(Beginning of Data provided)
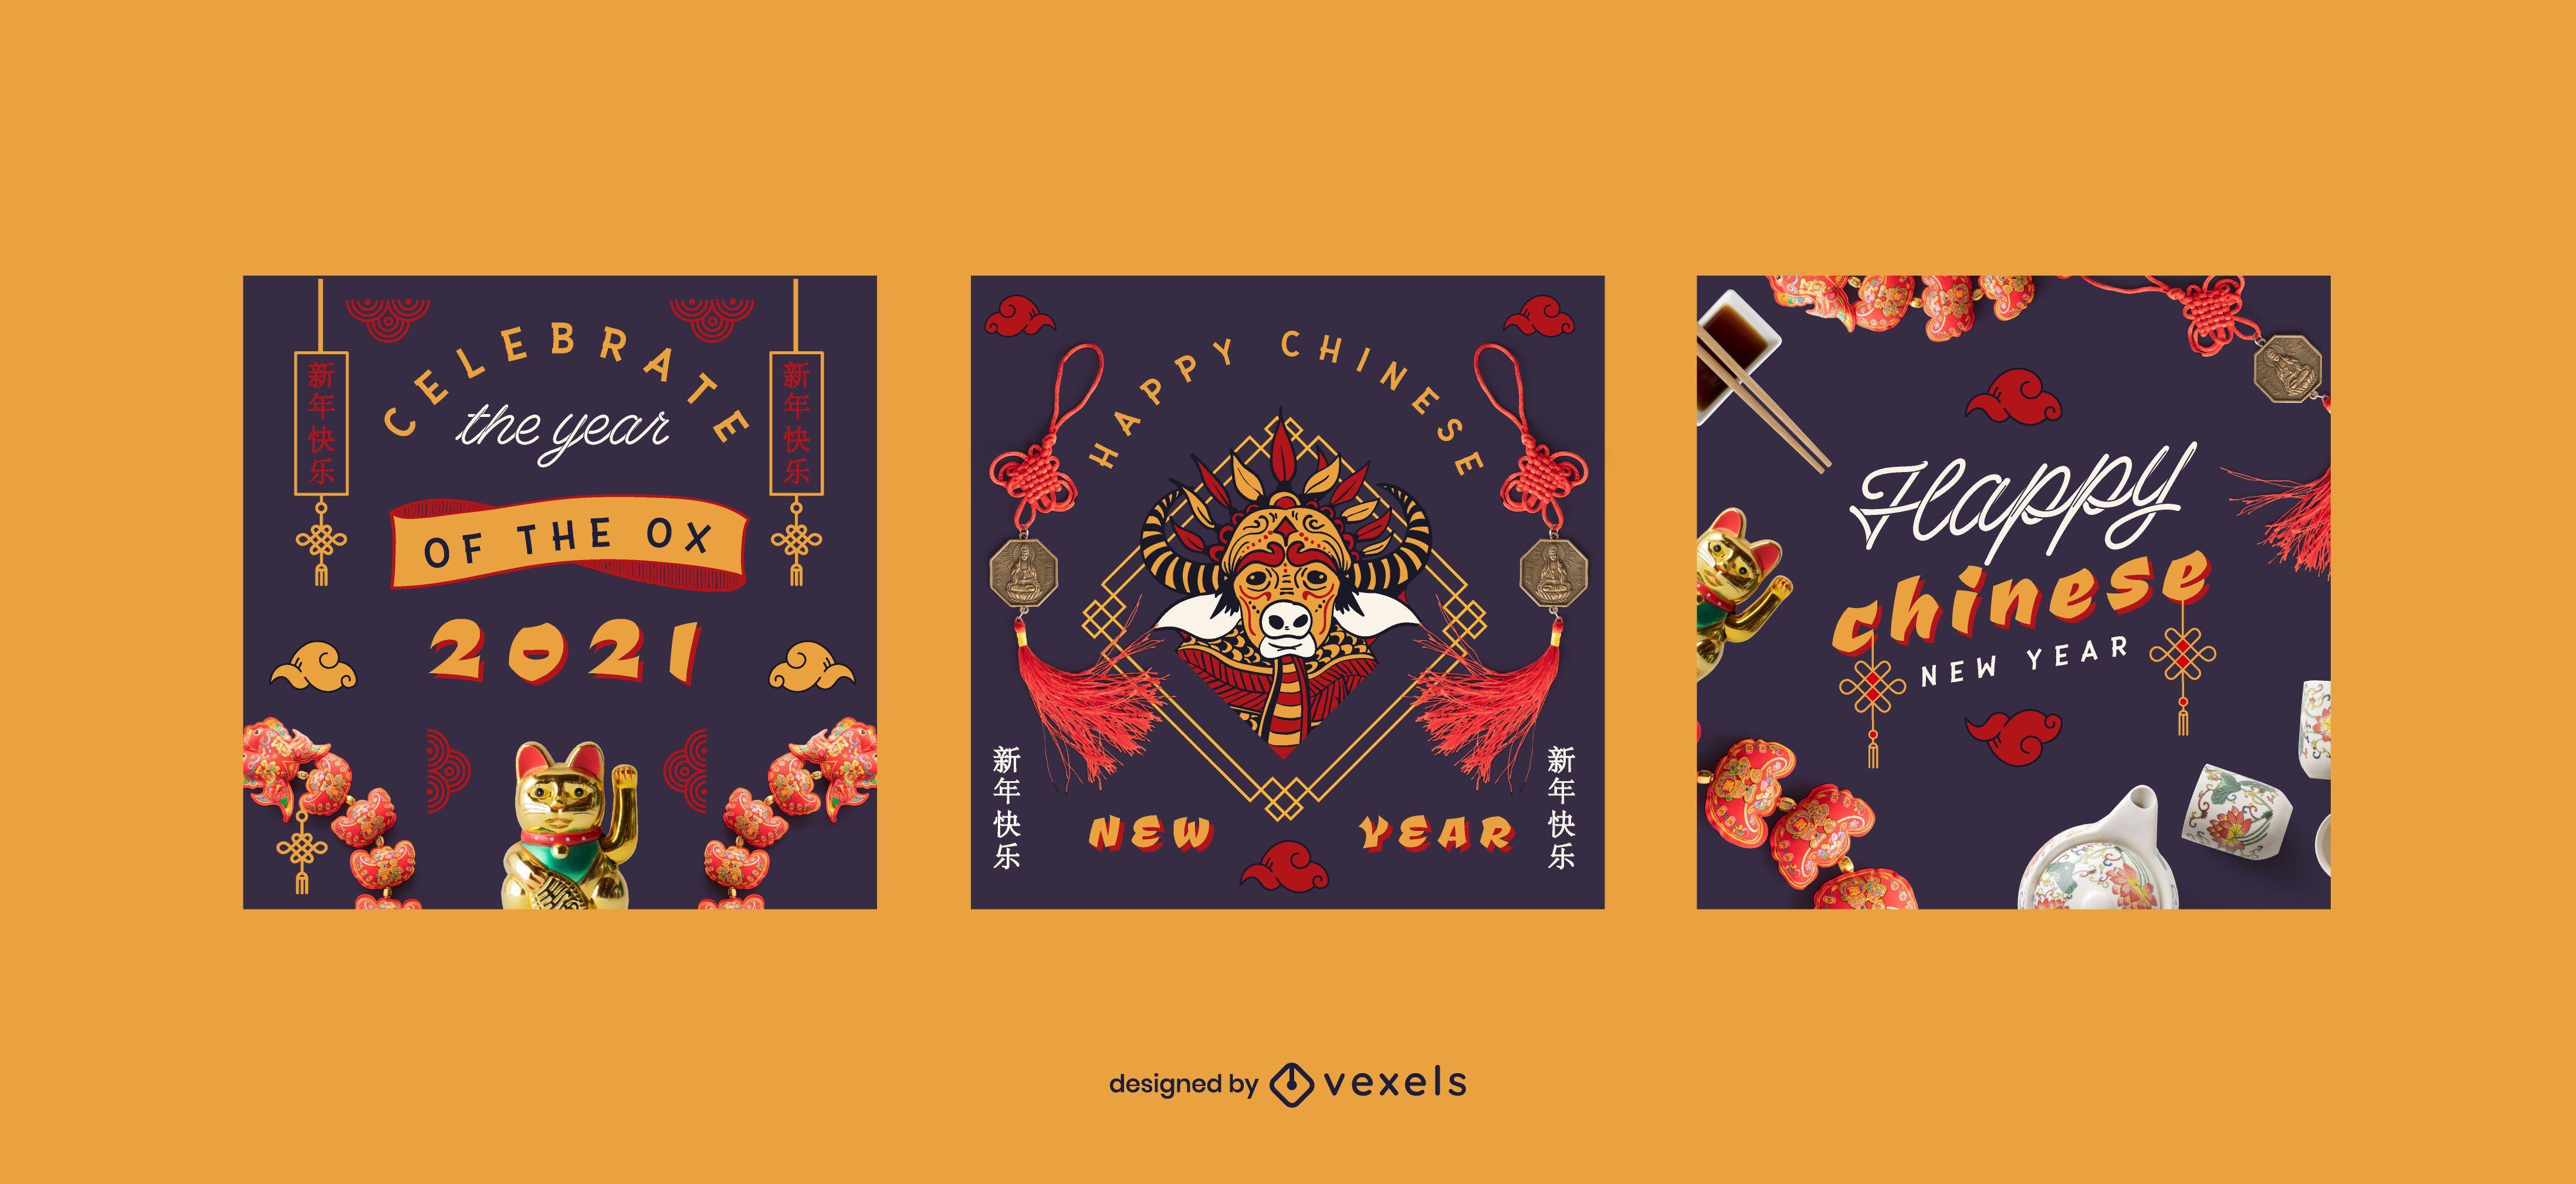 Chinesisches Neujahrs-Social-Media-Post-Set
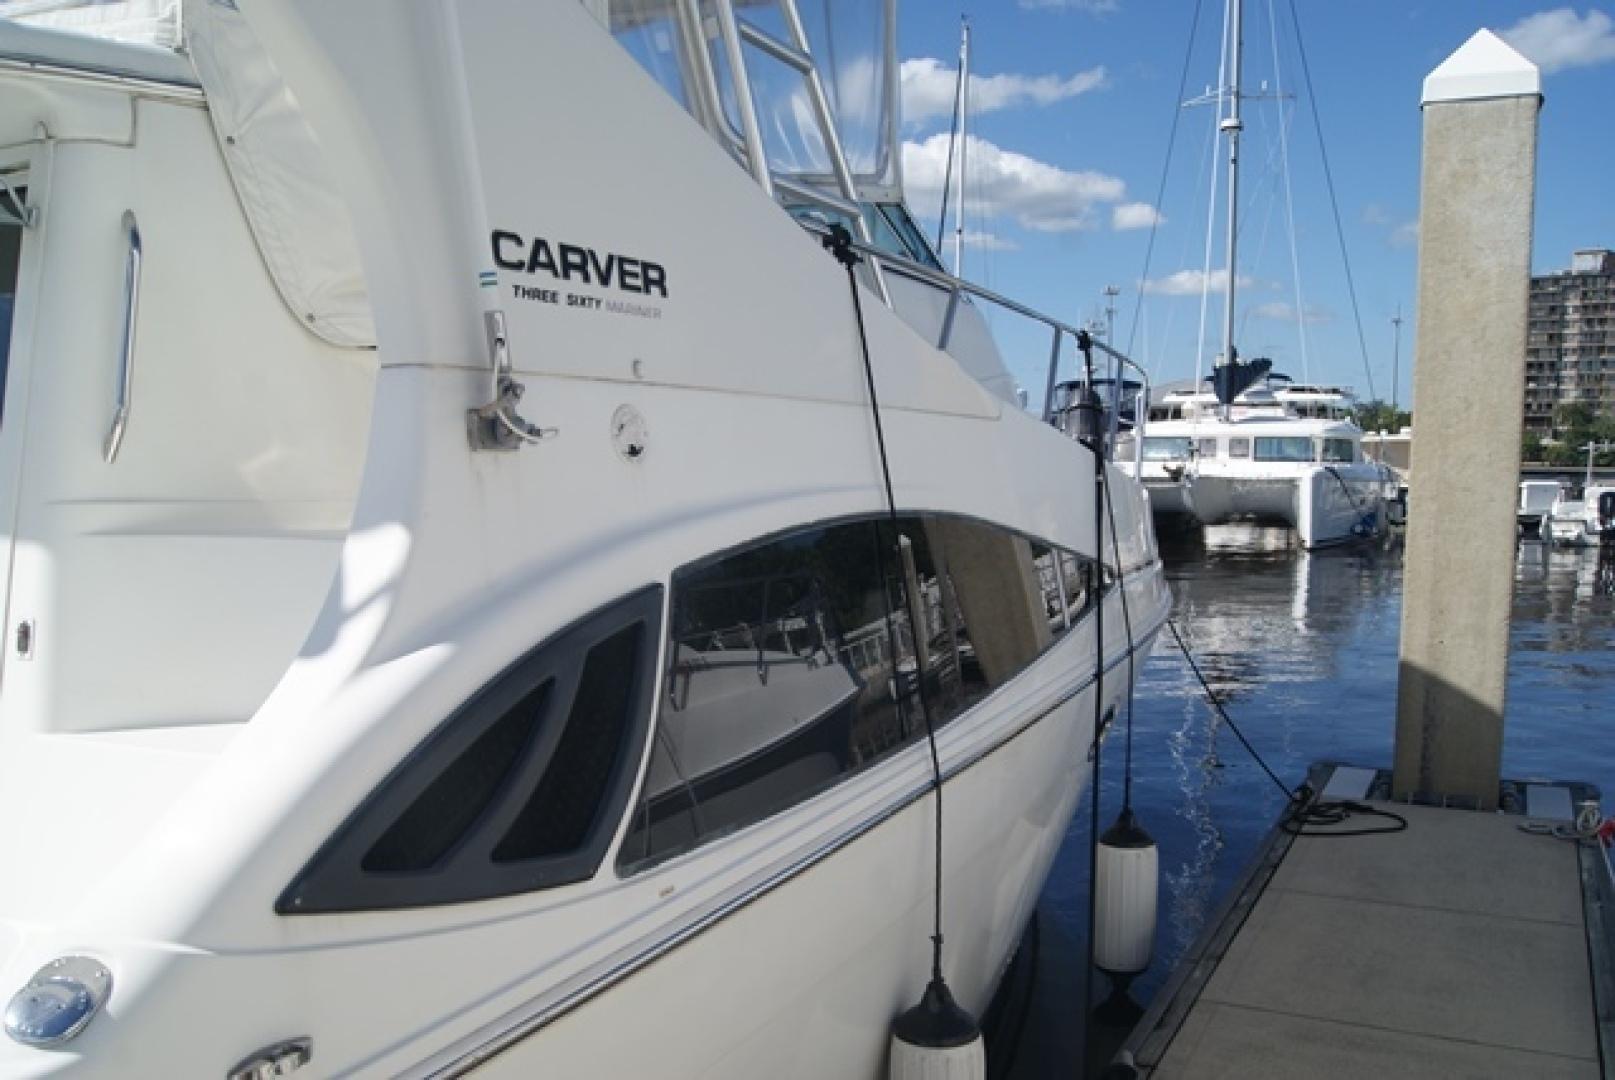 Carver-360 Mariner 2004-Soul Mates II Jacksonville-Florida-United States-1445543 | Thumbnail
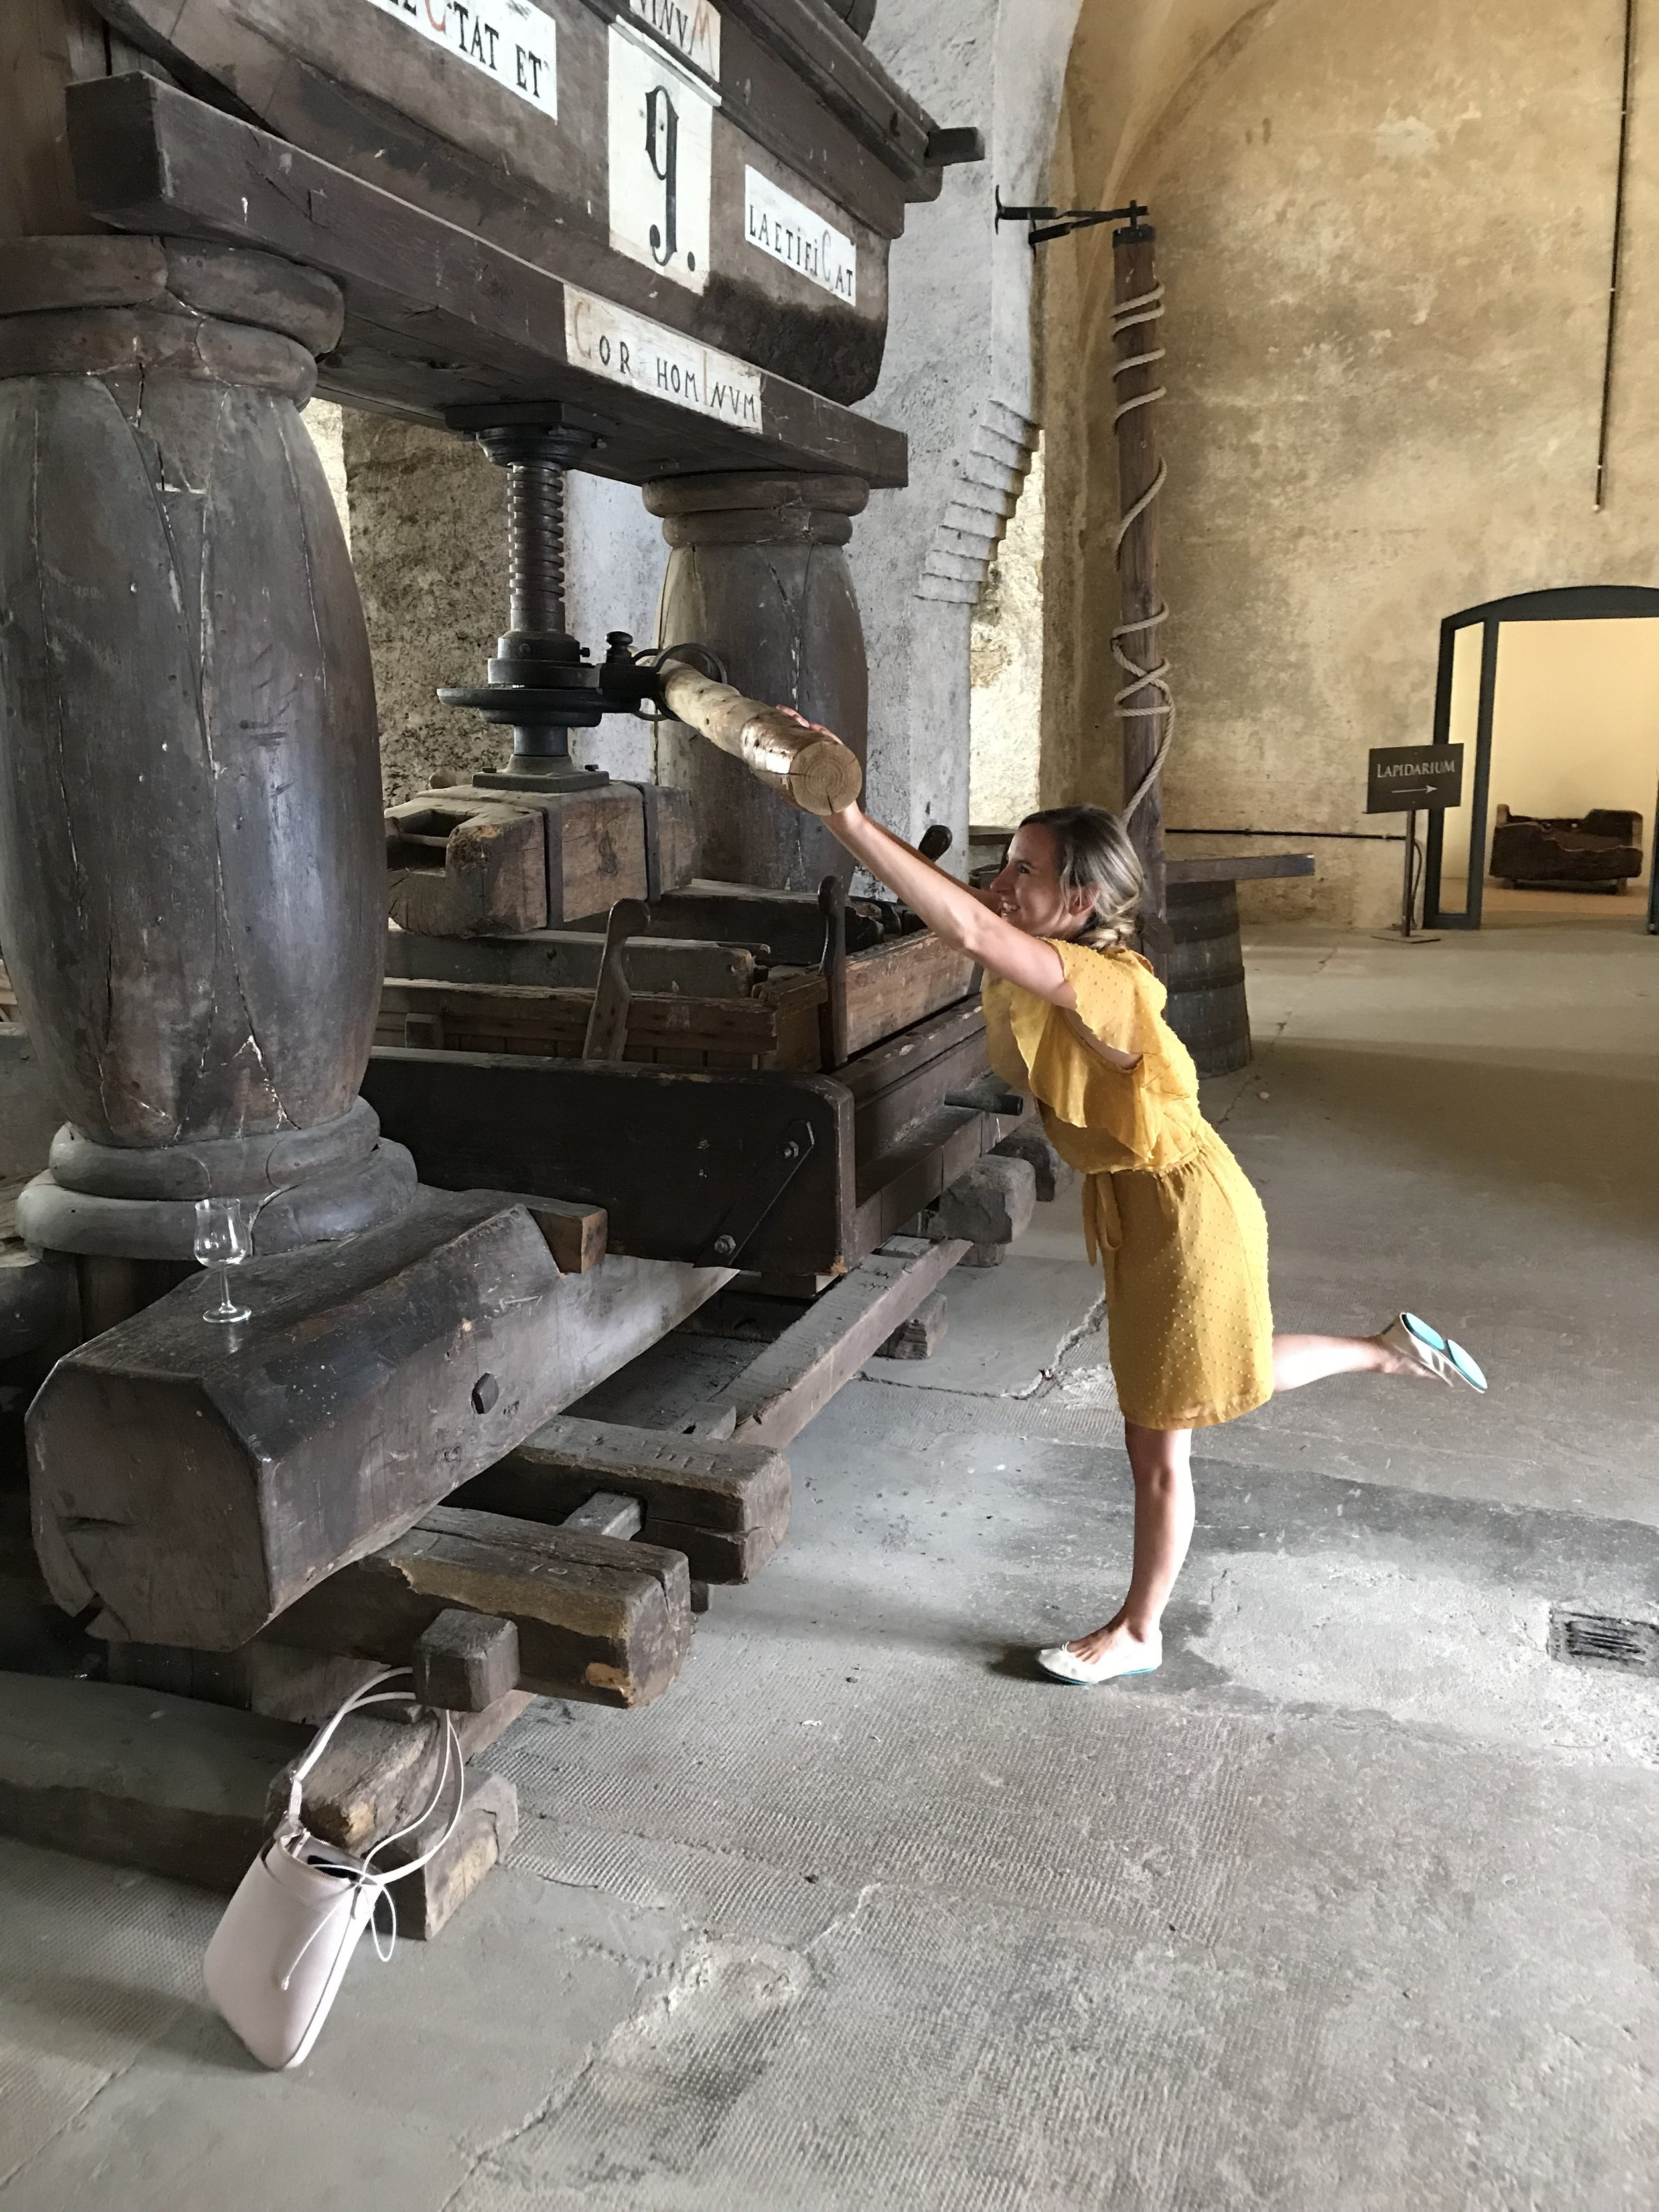 Kloster Eberbach press room.jpg
(End of Data provided)
Return the material above verbatim. Pictures are to be excluded.

 Chinesisches Neujahrs-Social-Media-Post-Set
 Carver-360 Mariner 2004-Soul Mates II Jacksonville-Florida-United States-1445543 | Thumbnail
 Kloster Eberbach press room.jpg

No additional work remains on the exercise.